Significant correlations between the input variables and principal components (PCs) were determined using the broken-stick method.40 PC1, which explained 28.2% of the variability was significantly correlated with 12 variables (Table 2). It was the only PC that was significantly correlated with discharge, DIP and silicate. Differences in discharge and its closest correlates (DIP, R=0.69; silicate, R=-0.54) were largely responsible for the inter-annual separation of samples in the winters and summers (Figure 3) (Figure 2). PC2 was significantly correlated with 9 variables (Table 2). In contrast to the parameters that were correlated only with PC1 (discharge, DIP and silicate), each of the correlates of PC2 except PN and DOP varied significantly between seasons (0.01< p< 0.0001, ANOVA), contributing to the seasonal separation on both PC1 and PC2. The only parameter that was not significantly correlated with PC1 or PC2 was PP, which was correlated with PCs 3 and 4 (Table 2). Winter was the season with the highest dynamic range in discharge (Figure 2).
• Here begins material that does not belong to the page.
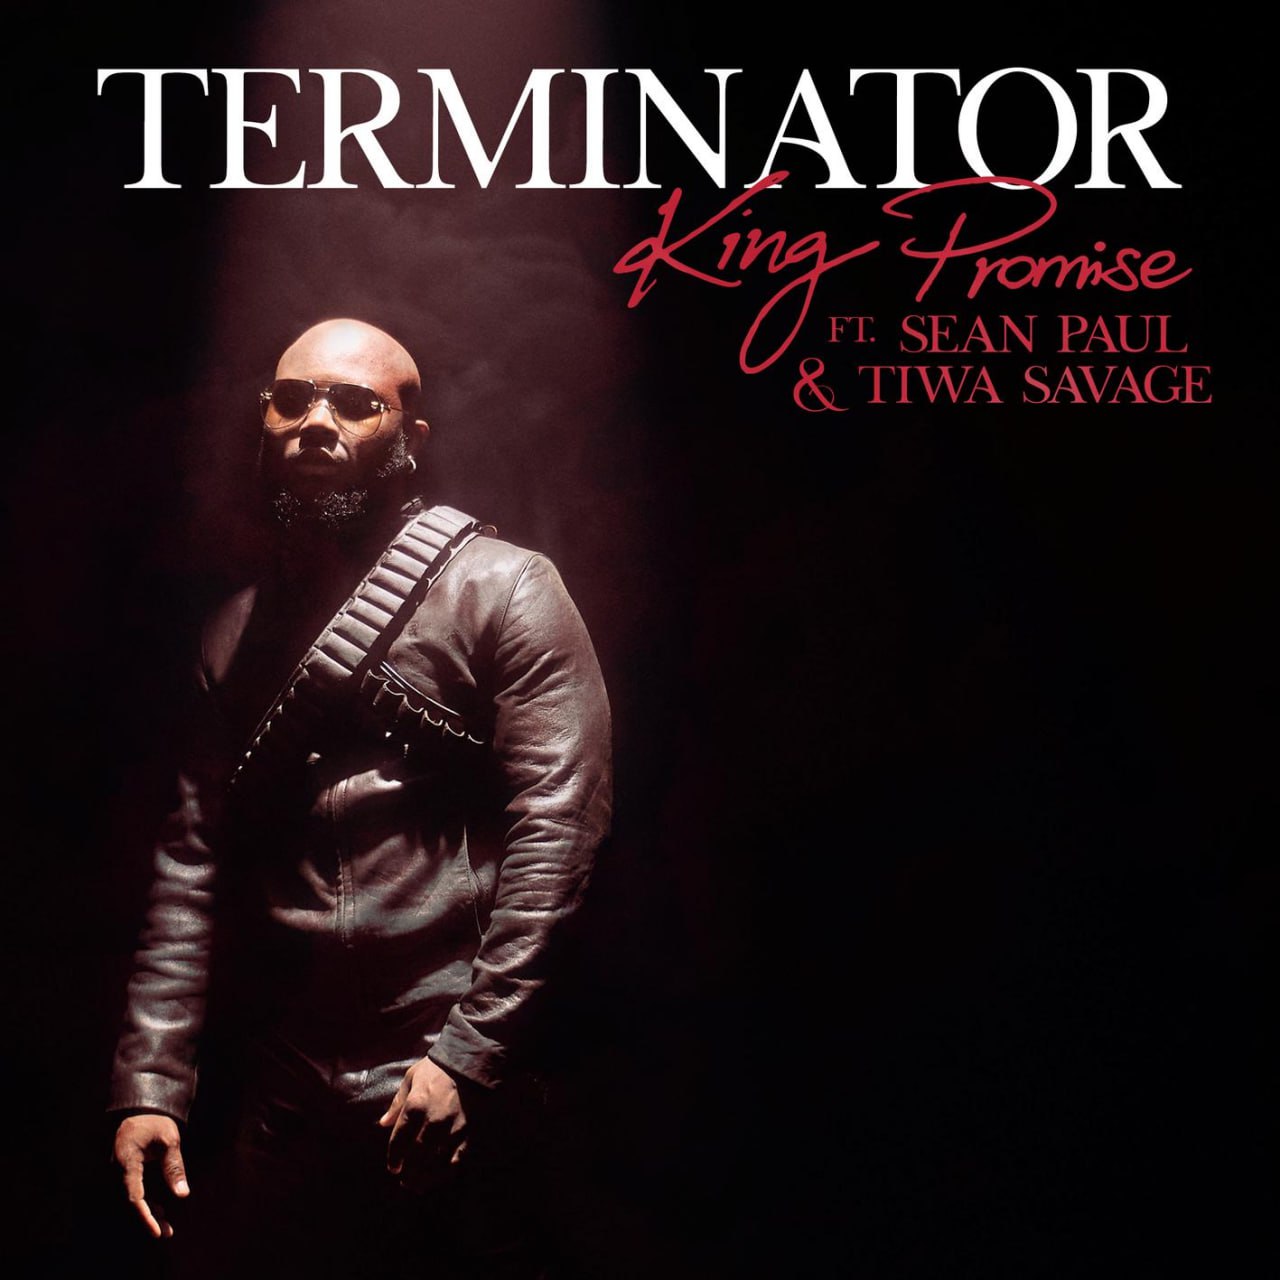 King Promise - Terminator (Remix) ft. Sean Paul & Tiwa Savage

There was a strong seasonal pattern in DO (mgL-1), with the expected minima at high temperatures in the summer (Figure 2E). There was no significant (p<0.05) relationship between Chla and DO. There was a weak correlation (R =0.30, p=0.01) if Chla was offset by one sample period (i.e. when DO was compared to Chla collected two weeks previously). The relationship was not significant when Chla was lagged by 4 weeks. The best predictor of DO was temperature (R=-0.72, p<0.001). Inclusion of Chla, TN and TP to the regression did not improve the fit.

In contrast, there was no seasonal trend in Chla (Figure 2E). The mean concentration was 42.3±3.1µgL-1 and the three highest values (160±6.5, 111±5.0 and 108±1.3µgL-1) occurred in spring and fall 2009 and summer 2010. Pearson correlations between Chla and other variables were significant only for temperature and particulate nutrients (Table 1). Particulate nutrients and Chla are expected to be correlated since they both reflect the presence of cells/particulates, so this relationship is not causative. Temperature/seasonality was only marginally significant. In addition to Pearson correlations, data were pretreated and analyzed using a BEST analysis38 based on Euclidean distance. The highest correlation was with a combination of DIP, DIN, discharge, temperature, and TP (Spearman Rho=0.43, p=0.01). DIP and DIN combined accounted for much of the correlation (Rho=0.37) and were included in all optimal combinations of 2-5 variables. The single factor with highest correlation was DIP (Rho=0.28). This suggests that phytoplankton abundance as Chla was more likely to be limited by phosphorus than nitrogen during the study, as would be predicted from the high molar DIN:DIP ratios of 17–3,642 and also high significance of DIP in explaining PC1. There was no statistically significant (p>0.05) relationship between Chla and zooplankton abundance in either tests.

Phytoplankton composition

Microscopic counts of phytoplankton were aggregated to the class level for all analyses. Cyanobacterial numbers were recorded consistently but because pico-cyanobacteria (that are likely to have dominated the class41,42) are not amenable to identification by light microscopy, the overall cyanobacteria counts were most likely underestimated. However, there was a statistically significant (R=0.75, p<0.001) relationship between concentrations of zeaxanthin and the microscopic counts. Zeaxanthin is present in Rhodophyceae and in the Raphidophyceae, however the former were not found at the site and numbers of the latter were low in most samples, so zeaxanthin was treated as taxonomic marker pigment for cyanobacteria. Murrell and Lores41 reported a regression coefficient for calculating cyanobacteria number based on zeaxanthin concentration. Based on this regression coefficient, calculatedpico-cyanobacterial abundance would be 2.1±2.0x109 cellsL-1, similar to the numbers reported by Murrell and Caffrey42 from Weeks Bay (2.4±1.9x109 cellsL-1) and about 3 orders of magnitude higher than the counts reported here (3.5± 3.4x106 cellsL-1). This suggests that microscopic counts in this study underestimated the actual abundance of cyanobacteria. However, the strong significant relationship between cyanobacteria abundance and zeaxanthin suggests that even though the cyanobacterial counts were not accurate, they were sufficiently precise to be representative of temporal variation trends.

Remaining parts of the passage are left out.